Трамвай снова повернул за угол, и женщина снова навалилась на плечо Матера. В другое время он уступил бы место, лишь бы только женщина не напоминала о своем присутствии. Собственное хладнокровие было ему неприятно. Чертов трамвай! Неужели нельзя в такую жарищу добавить на линию несколько штук?
Он в пятый раз взглянул на рисунки на странице юмора. На одной из них был изображен человек с протянутой рукой, и на его месте тут же возник расплывчатый образ мистера Лейси. О, господи! А что, если этот старик действительно умрет голодной смертью? А что, если он пошел и бросился в реку?
Матер посмотрев на часы — он ехал уже десять минут. Еще пятнадцать минут тряски, а жара становилась все невыносимее, дышать было нечем.
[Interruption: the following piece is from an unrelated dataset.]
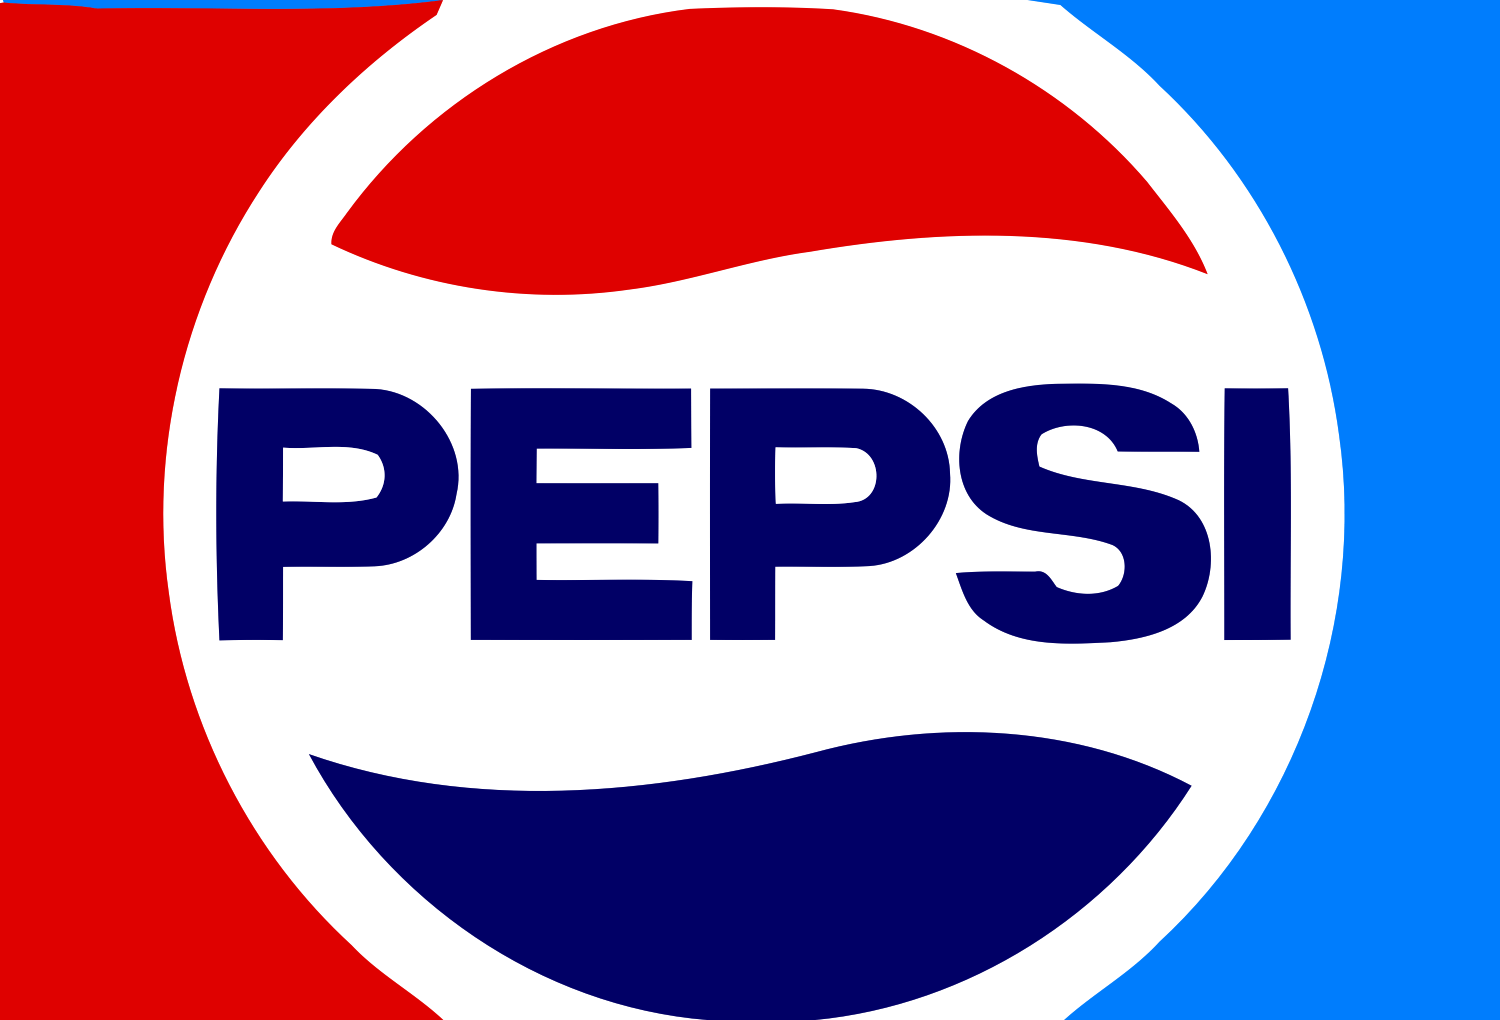 HD LOGO Wallpapers PEPSI text / Wallpapers Logos 63505 high quality
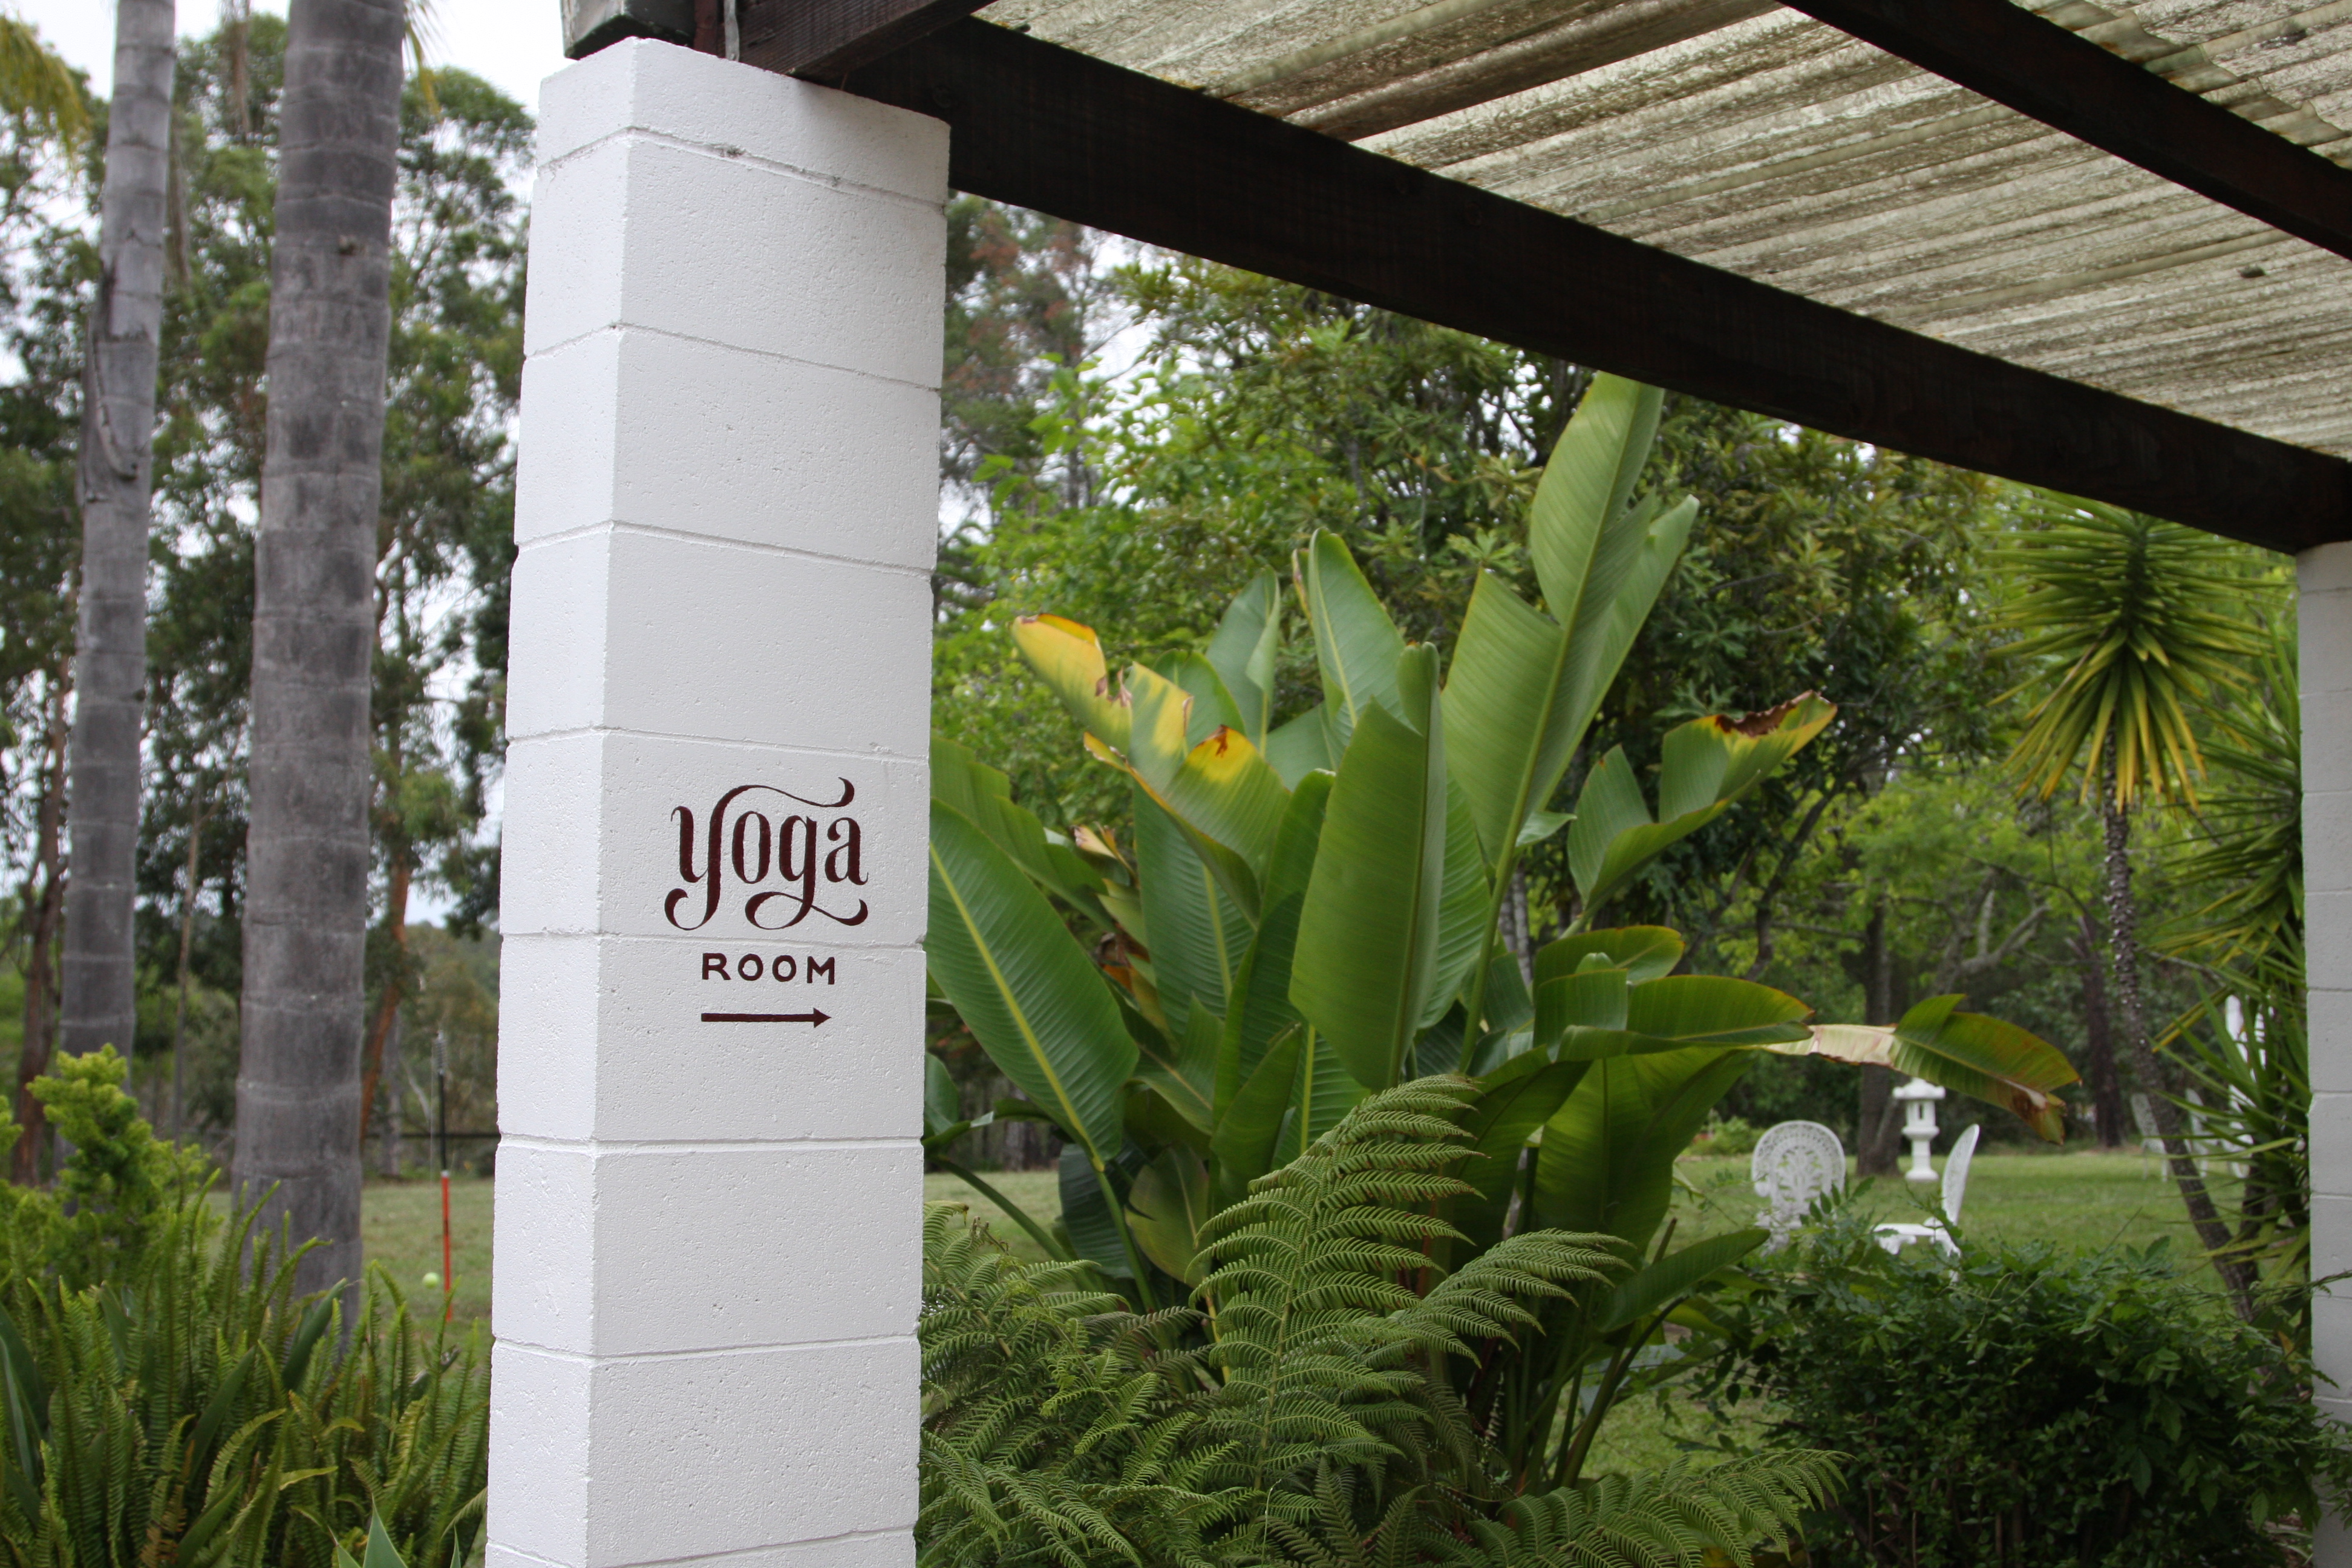 Sign Pointing To the Yoga Room at Swami's Yoga Retreat

Женщина снова навалилась на него, и, взглянув в окно, Матер увидел, что наконец-то они выбрались из центра.
Может быть, все-таки уступить этой женщине место, мелькнуло в мозгу у Матера — ему почудилось, что в последний раз она пошатнулась не только от качки, но и от усталости. Если бы он знал наверняка, что это пожилая женщина, — но рукой он чувствовал материал ее платья, и ему почему-то казалось, что это должна быть молодая девушка. А поднять глаза у него просто не хватало смелости — он боялся наткнуться на призывный, просящий взгляд пожилой или колючий, презрительный взгляд молодой.
Следующие пять минут его подернутый пеленой мозг терзался в поисках решения огромной, как ему сейчас казалось, проблемы — уступить или не уступить свое место. Он смутно чувствовал, что, если он уступит место, это частично избавит его от угрызений совести за сегодняшний отказ мистеру Лейси. Ужасно было бы поступить так жестоко два раза подряд — да еще в такой убийственный день.
Он снова попробовал отвлечься рисунками, но напрасно. Нужно сосредоточиться на Жаклин. Он и так чувствовал смертельную усталость, а встань он сейчас — устанет еще больше. А Жаклин ждет его, нуждается в нем. Она наверняка страдает там одна, и ей, конечно, хочется, чтобы после обеда он часок побыл с ней, обнял, приласкал. Но если он приходит домой усталым, это дается ему нелегко. А потом, когда они лягут спать, она время от времени будет просить его подать ей лекарство или стакан воды. Он должен с бодростью выполнять эти обязанности, иначе она может что-нибудь заметить и в следующий раз, когда что-то будет нужно, не захочет его беспокоить.